07-17-2017 01:54 AM
Hello. I did a linear regression analysis on my 42.000 data (online contest results) and after the model building and the model performance calculation, some of my variables turned out to be highly siginificant (4 stars in the tabular view of the model). The p-values were 0,000 for these variables. But then we looked at the squared correlation, and this was low: 0,013. I don't quite understand this contradiction. How can variables be highly significant in predicting the target variable, and the correlation value be very low at the same time? How should I interpret this? Thx in advance!
07-17-2017 07:05 AM
07-17-2017 09:15 AM
Those metrics are really measuring two different theoretical quantities, and thus it is possible to have the problem you describe, even if your predictors are not suffering from multi-collinearity. This is one of the reasons that the entire p-value approach to measuring model effectiveness has come under significant criticism from the Bayesian wing of statistics, because the conventional use and interpretation of p-values can lead to some fairly confusing outcomes.

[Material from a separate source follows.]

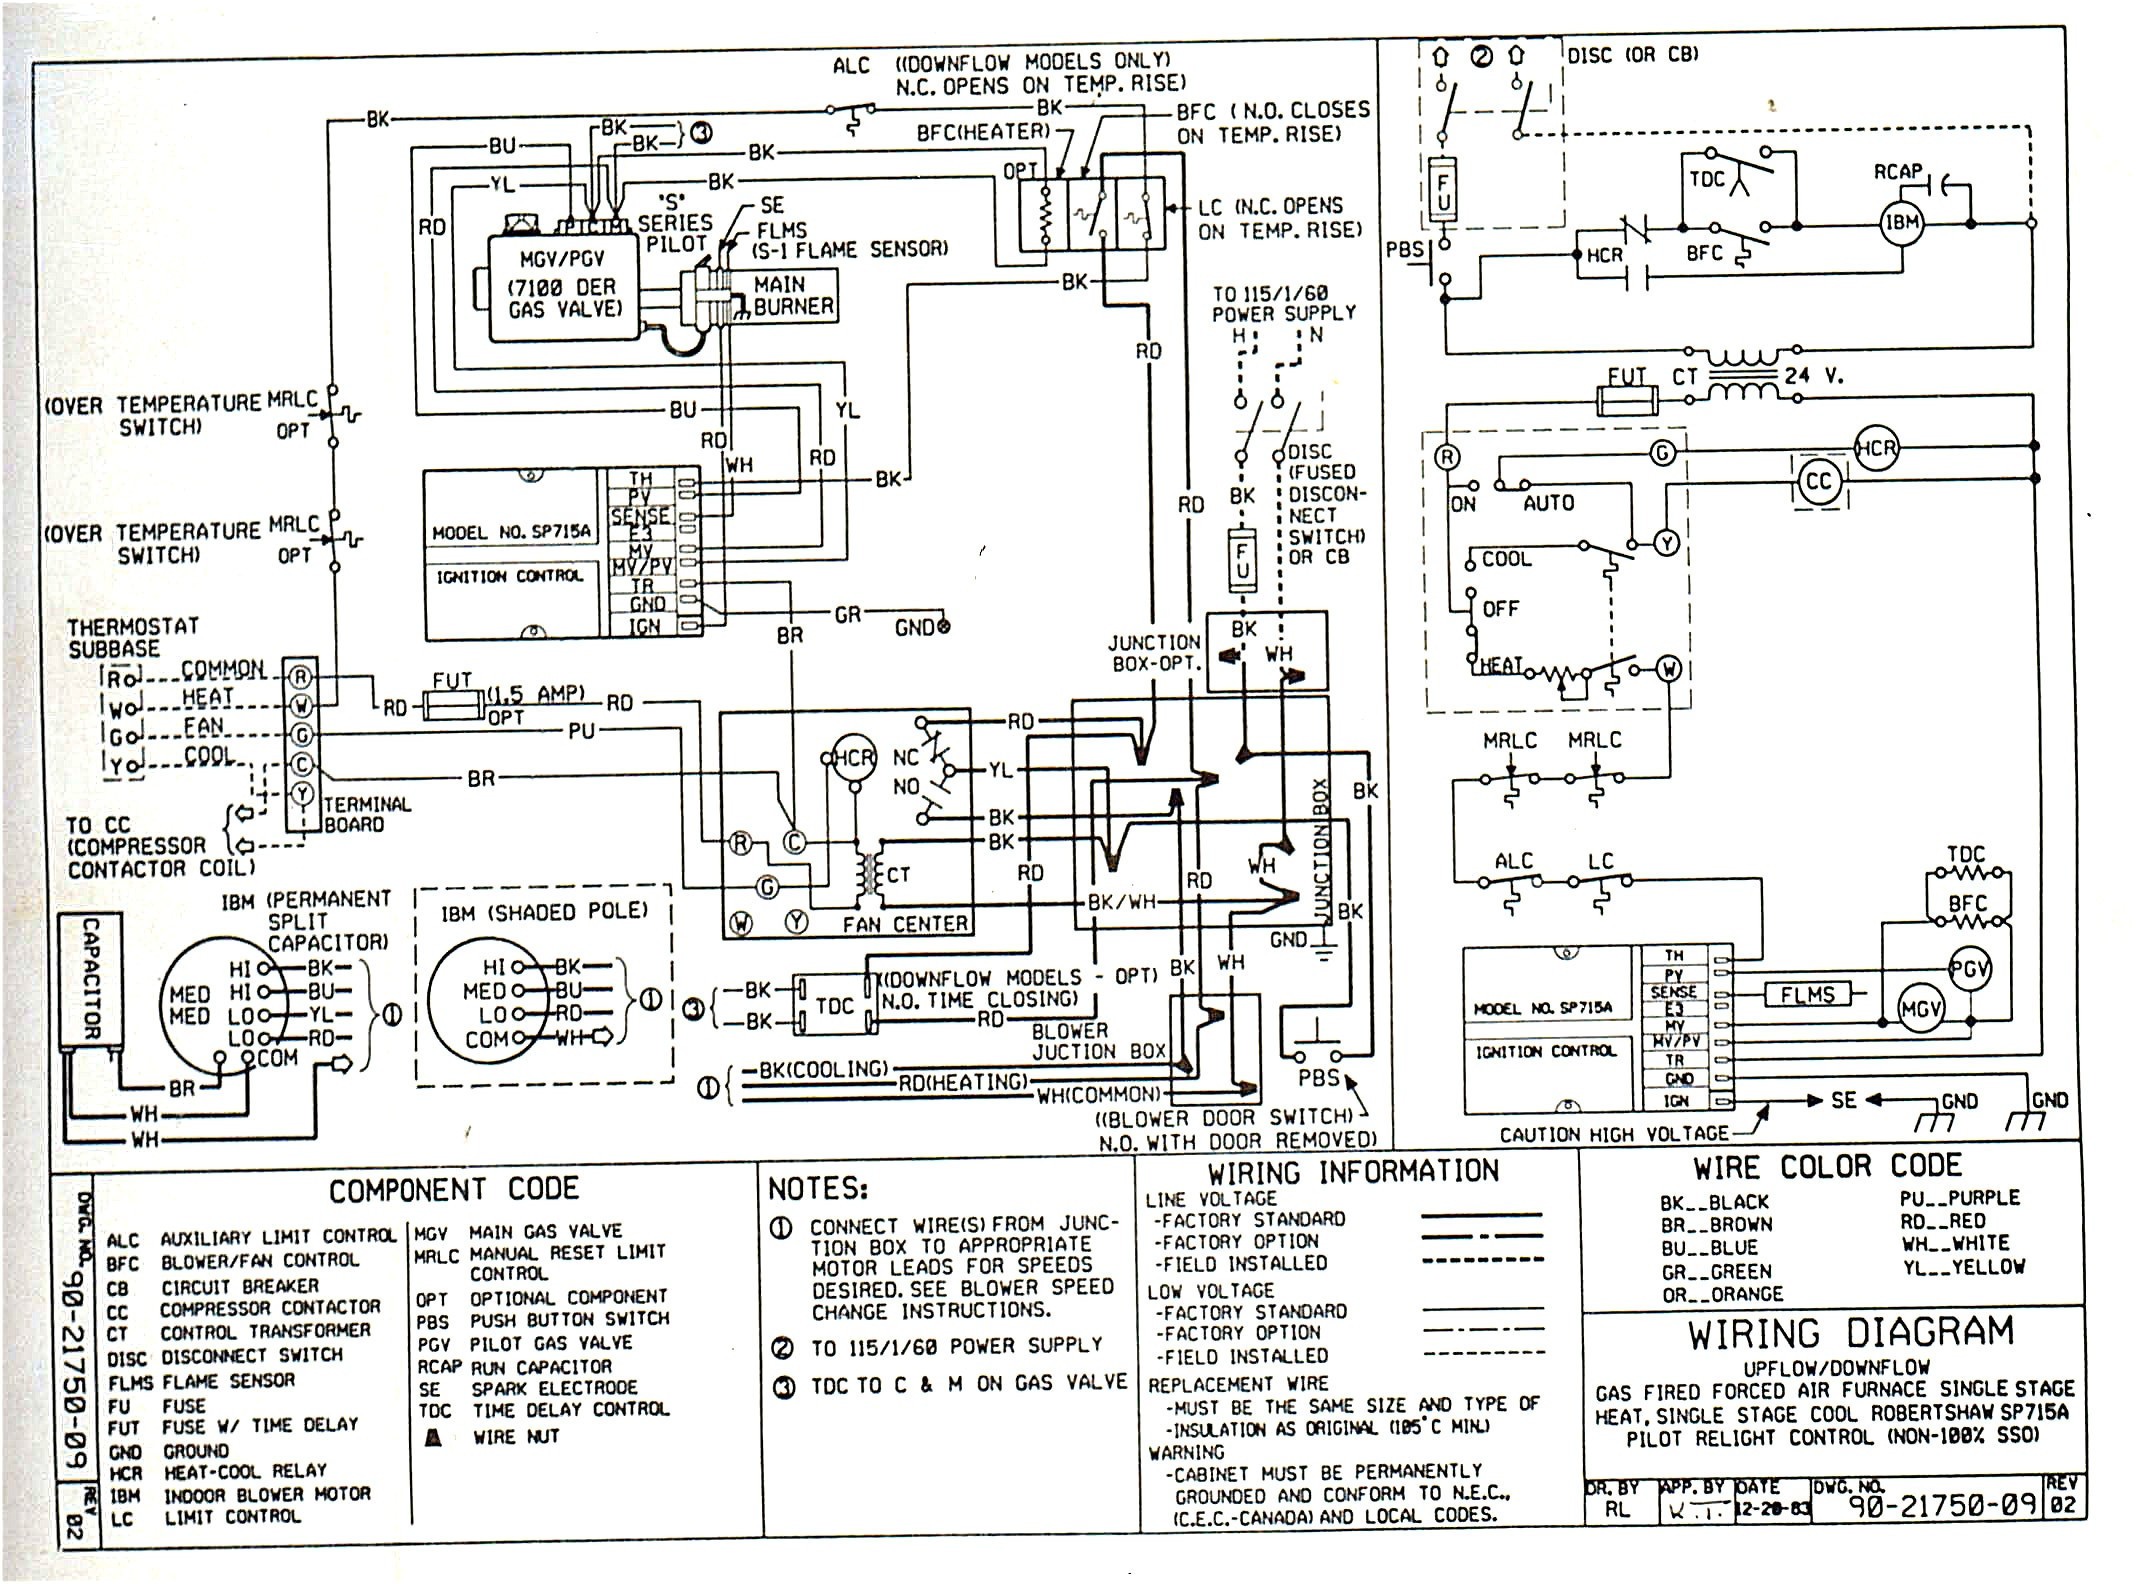 Wiring Diagram for A Gas Furnace Save Ge Gas Furnace Wiring Diagram Save Ge Furnace Wiring

In classical interpretation, the p-value is a measure used to evaluate the null-hypothesis (how likely is the observed effect to be seen across repeated samples given the truth of no effect), given the underlying assumptions about the shape of the distributions being sampled (normal, non-heteroschedastic, etc.). Thus, because of the properties of thsoe distributions, with very large sample sizes, it is possible to get low p-values for a large number of effects, even if those effects are actually quite small, and the overall model fit is quite poor (as evidenced by your low R2). In the era of big data, this problem has become even more commonplace, and thus the criticisms of this approach to model building and interpretation have gained ground.
Personally I would focus more on the outcomes of the model and its potential use in the actual business case and less on the p-values of individual coefficients---or switch to a modeling approach that is not primarily based on interpreting p-values at all.